Mast Cells in Diabetes and Diabetic Wound Healing

Abstract

Mast cells (MCs) are granulated, immune cells of the myeloid lineage that are present in connective tissues. Apart from their classical role in allergies, MCs also mediate various inflammatory responses due to the nature of their secretory products. They are involved in important physiological and pathophysiological responses related to inflammation, chronic wounds, and autoimmune diseases. There are also indications that MCs are associated with diabetes and its complications.

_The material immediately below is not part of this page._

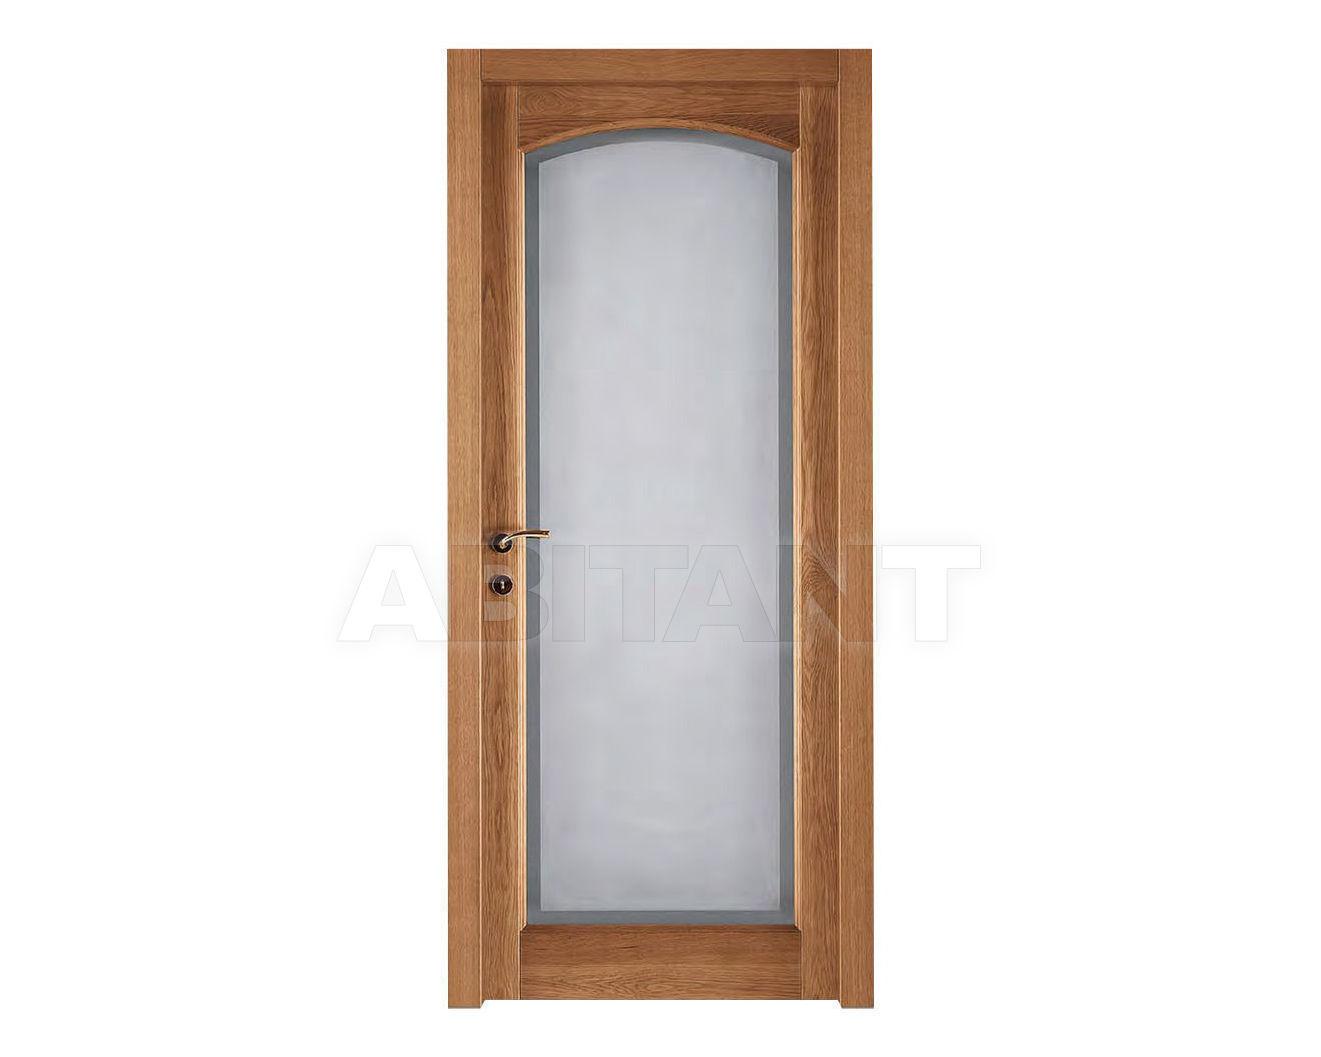 Купить Дверь деревянная Fioravazzi Classiche ARIANNA 11 VETRO

MCs and MC-derived mediators participate in all wound healing stages and are involved in the pathogenesis of non-healing, chronic diabetic foot ulcers (DFUs). More specifically, recent work has shown increased degranulation of skin MCs in human diabetes and diabetic mice, which is associated with impaired wound healing. Furthermore, MC stabilization, either systemic or local at the skin level, improves wound healing in diabetic mice. Understanding the precise role of MCs in wound progression and healing processes can be of critical importance as it can lead to the development of new targeted therapies for diabetic foot ulceration, one of the most devastating complications of diabetes.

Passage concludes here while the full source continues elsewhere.